Sen. Feinstein Dodges Question on Controversial Obama Nominee Goodwin Liu
(CNSNews.com) – Senator Dianne Feinstein (D-Calif.), a senior member of the Senate Judiciary Committee, dodged a question about the controversial writings of Goodwin Liu, who was nominated by President Barack Obama to the Ninth Circuit Court of Appeals last year. Feinstein instead said that Liu indicated that he understands the difference between being an advocate and a judge.
To serve on the court, Liu must be confirmed by the Senate. At the Capitol on Wednesday, CNSNews.com asked Sen. Feinstein, “In a 2008 law review article Professor Liu argued that there was a constitutional right to welfare – what he called a ‘judicial recognition of welfare rights’ – do you agree with him that there’s a constitutional right to welfare?”
Feinstein did not directly answer the question, but instead said that Liu had assured her that he knew the difference between being an academic and a judge.
“Here’s how I understand the situation with Professor Liu,” said Feinstein. “He has written that -- that’s true, several things. He has written it from the perspective of a university professor as opposed to a judicial appointment.”
“I think you would find a very different Goodwin Liu as an appellate court judge,” she said.

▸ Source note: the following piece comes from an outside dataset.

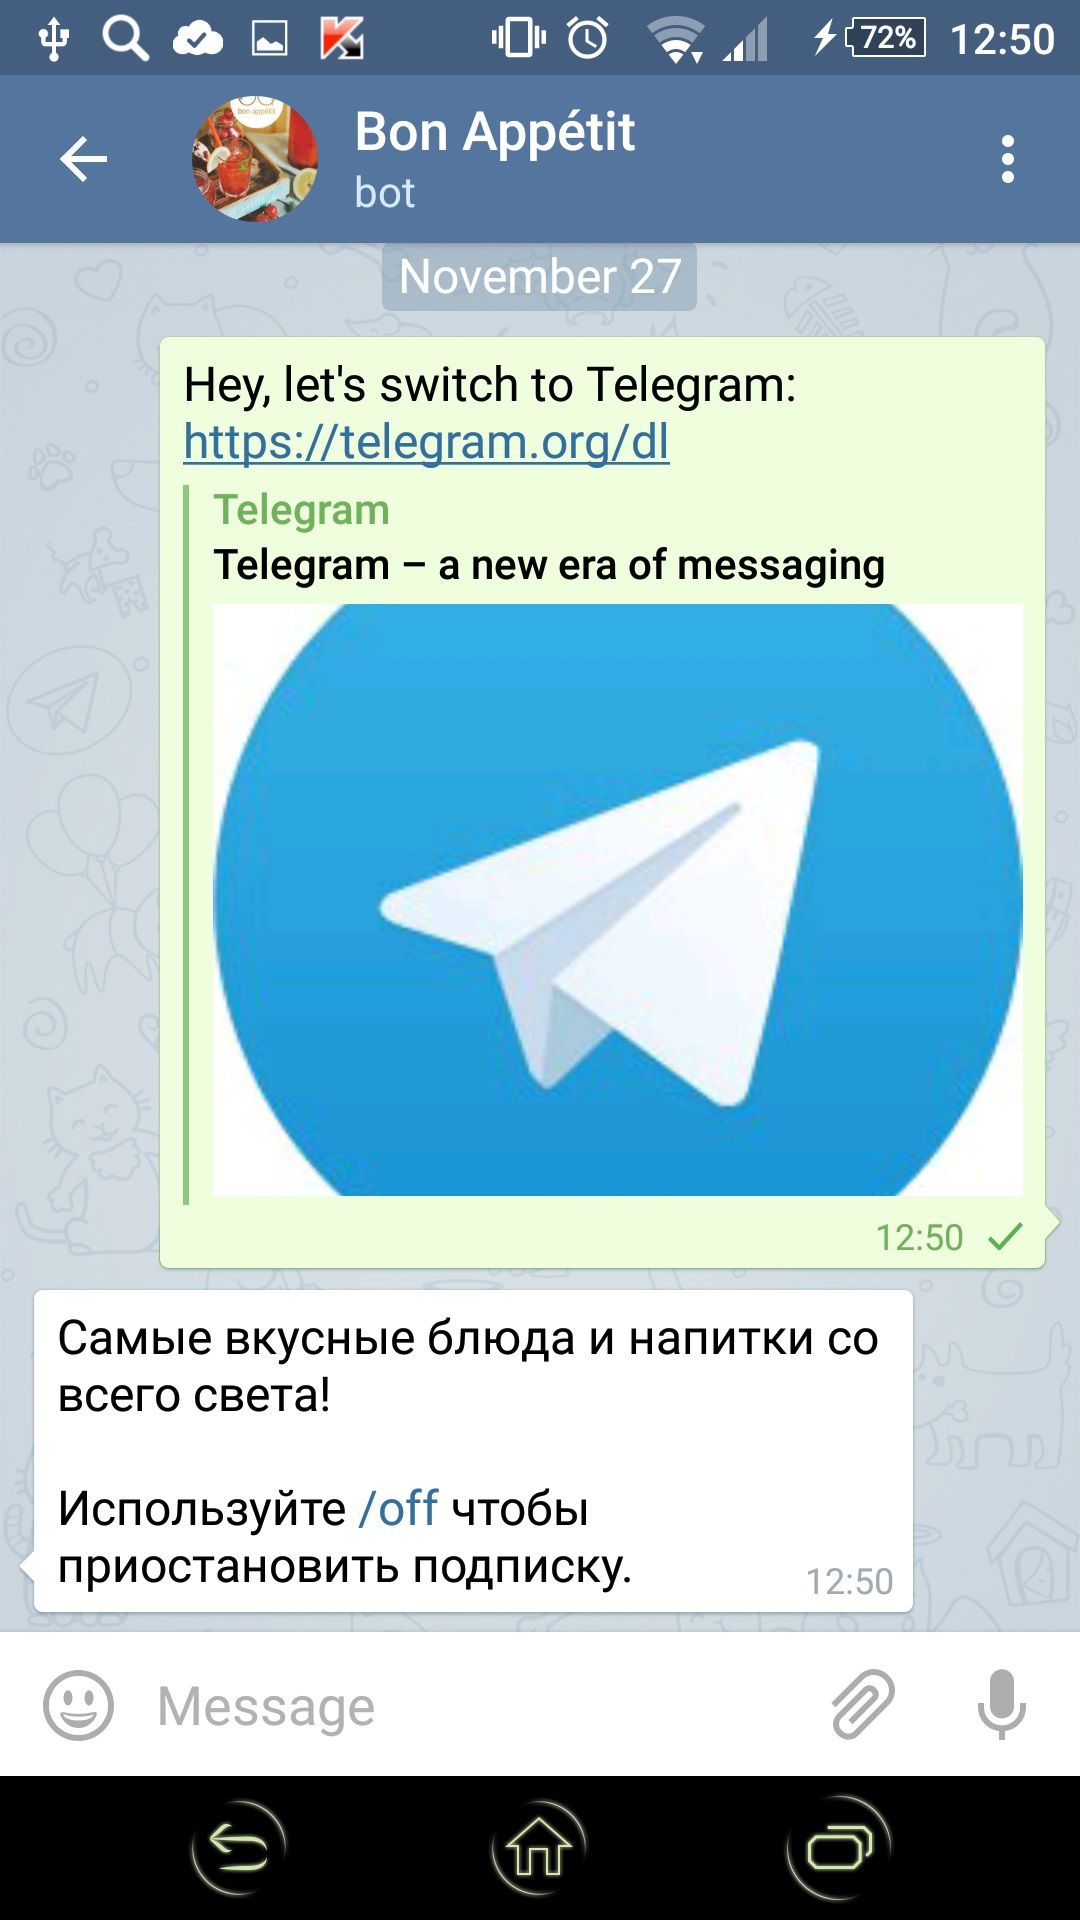 Приложение телеграмм скачать бесплатно на телефон на русском языке без вирусов фото 99

Liu, a law professor and associate dean of the University of California-Berkeley School of Law, wrote in a 2008 law review article that courts should seek to define “welfare rights,” which he described as “an affirmative constitutional right to particular social goods such as ‘education, shelter, subsistence, health care and the like, or to the money these things cost.’”
In arguing for the judicial establishment of alleged “welfare rights,” Liu rejects any “transcendent moral principles” in favor of “socially situated” ways of thinking, he states in the article. Liu argues that courts should use prevailing social norms instead of consistent moral principles when creating new welfare rights.
“My thesis is that the legitimacy of judicial recognition of welfare rights depends on socially situated modes of reasoning that appeal not to transcendent moral principles for an ideal society, but to the culturally and historically contingent meanings of particular social goods in our own society,” Liu wrote.
CNSNews.com asked Sen. Feinstein whether Liu had repudiated his views on welfare rights in becoming the “very different Goodwin Liu” she had described. Feinstein answered by saying the Liu had made clear he knew the difference between being an academic and a judge.
“He’s [Liu] made a defined indication to me that he understands the difference between an advocate and a [judge],” said Feinstein. “What he’s said is that he would be judicious and I believe he will. I think he’s one of the brightest legal scholars in this country.”
Liu’s nomination to the Ninth Circuit Court of Appeals is scheduled to come before the Senate for a vote on Thursday, May 19.